On a lighter note on this wee project of mine, I have had some traffic from search engines to my blog from people searching for obscure words that have turned up in the gobbledegoop.
Project details:
Name: Readable gobbledegoop
Aim: Initially, to generate something that has been generated by a computer, but would be physically possible to read. This has taken a tangent somewhat into attempting to get closer and closer to real words.
I scanned a book of G.A. Henty hoping to get letter frequencies.
Approximate ratios of letters of the alphabet as they occur.
233,43,60,120,364,69,60,191,177,3,23,108,64,183,220,42,2,172,181,273,82,31,68,3,54,1
As my program has ‘qu’ rather than ‘q’, i subtract all occurences of q from u to get a more accurate quantity of ‘u’s. Sadly, doing it like this, and being too tired to rewrite code to scan for ‘th’ and ‘ch’ I opted to take them out of my list of characters as individual characters. They will probably find their way back in some time soon.
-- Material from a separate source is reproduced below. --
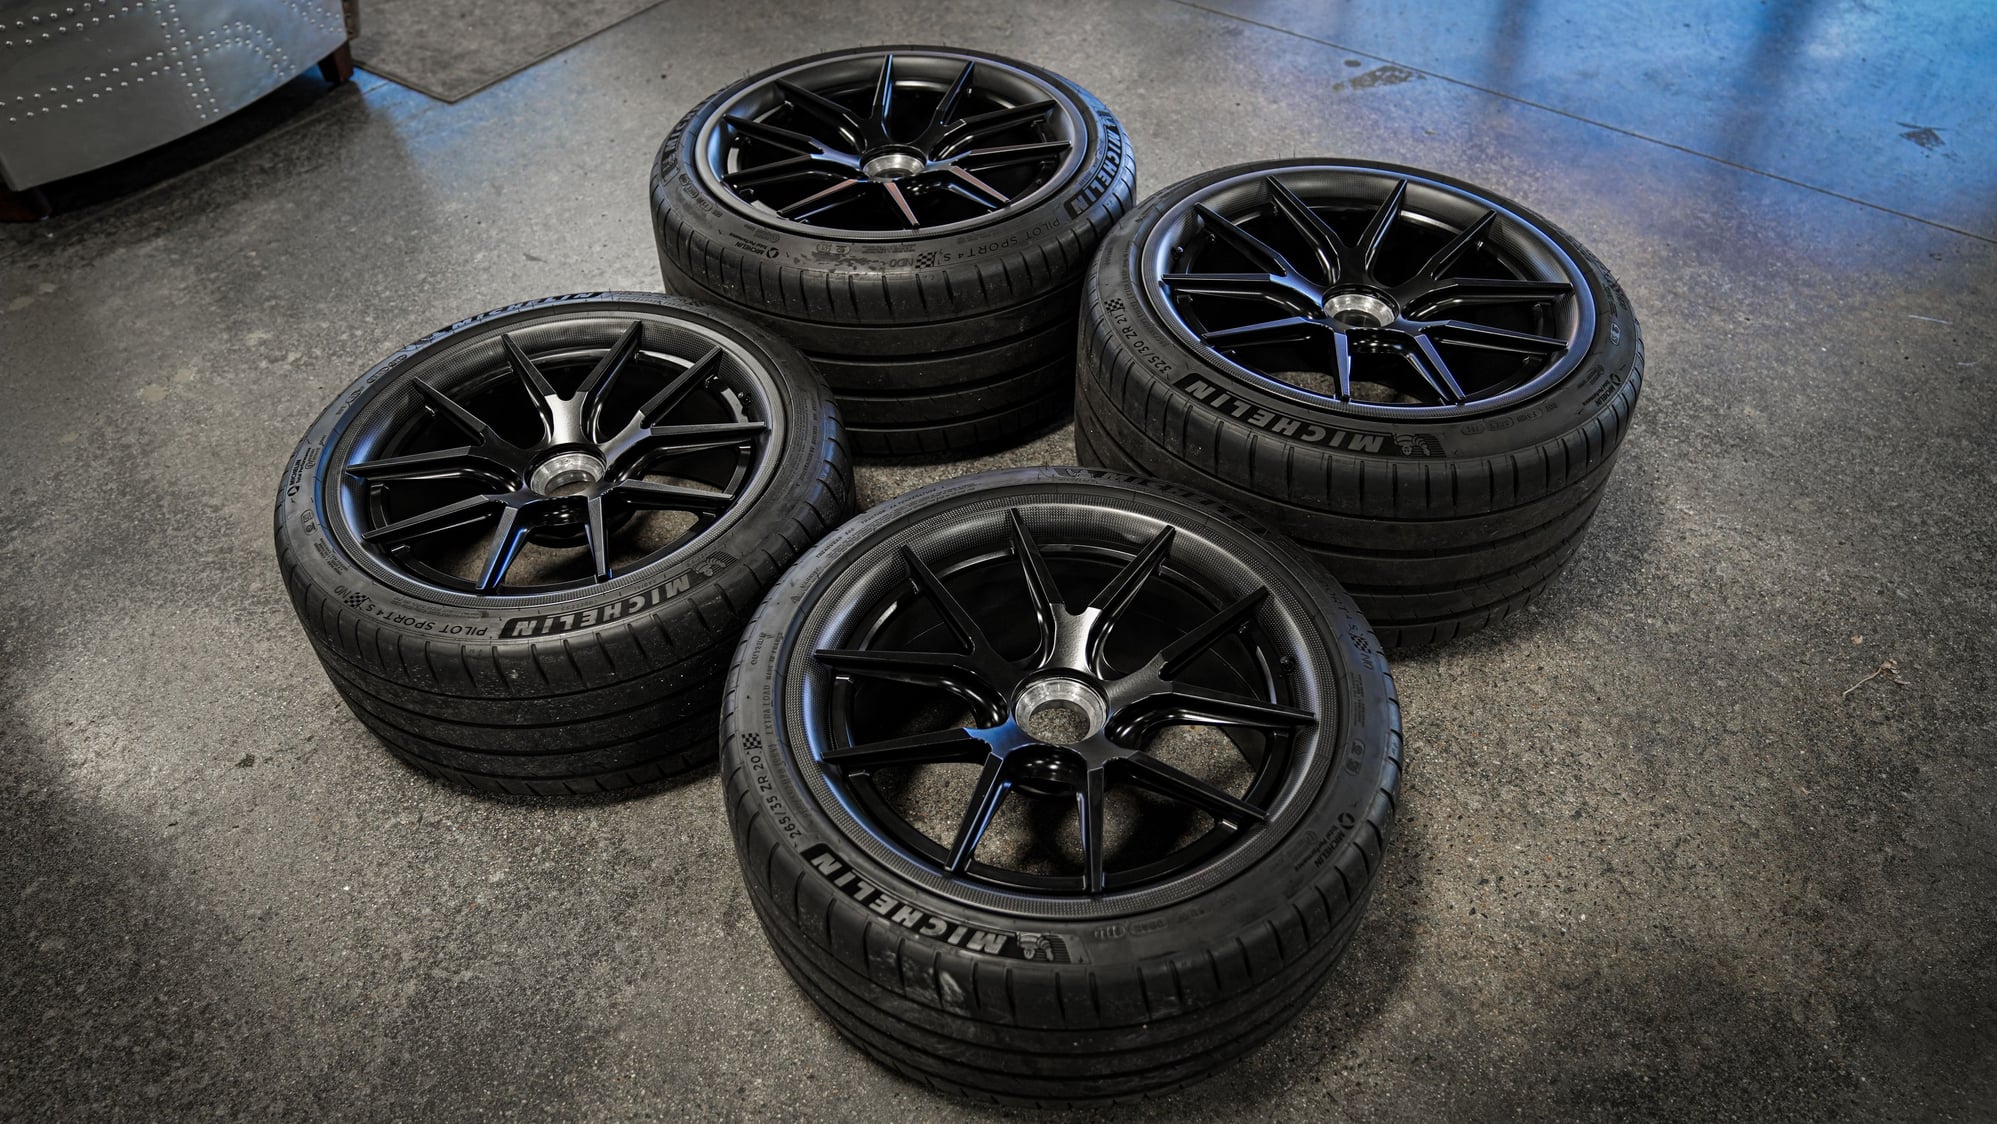 Wheels and Tires/Axles - CARBON FORGELINE WHEELS (CF201) - Used - All Years  All Models - Sterling, VA 20166, United States

I fiddled around, and it was quicker to generate a big list of all possible letters, with them occuring as many times as they would (compared to ‘z’ occuring once). This is more processor intensive than assigning proper weightings, but at 1am, I’m much rather the processor does the hard work rather than me
. Besides, my computer is somewhat above average speed and has more than the average memory.
For any possible critics who believe this not worth the effort, I immediately tried to generate something, obtaining the following:
sanurum noda yetadeyofe kerafer rihe sarew hirawahete secono mibubo sine sotocifet huyare desa sim cafihohit ronote sahay sitegu lanud norome lito yoneh vocil rihime hof sane legorodob wuheyo ninode ropifo nehofe hileto dehop ferera miriy hunode cohokeni cidayen lorol.
Obviously I’m not at the capitalisation/punctuation stage, but that is a definite improvement on my last attempts with their gross proliferations of zeds et alia similis.
To do:
Find proper weighting for wordlength. Same for sentence length. Sentence structure would be good if I could get hold of seperate dictionaries of nouns, verbs etc.
Get th’s and ch’s and endings such as s,es,ed and ing in somehow.
I may write a program to search all possible two letter combinations and find which letter combinations are most common.
Another attempt:
ror sen pude sonehat raridatoso wipec meyuni vat mam vetel tira webe datag soneke widoh sesecat tetuceter detirewad dal fedirefo dalel soder hel cadifas mar tuwerom raveye seseto wesen tew
With this run, I drastically altered the word length weightings in favour of shorter words.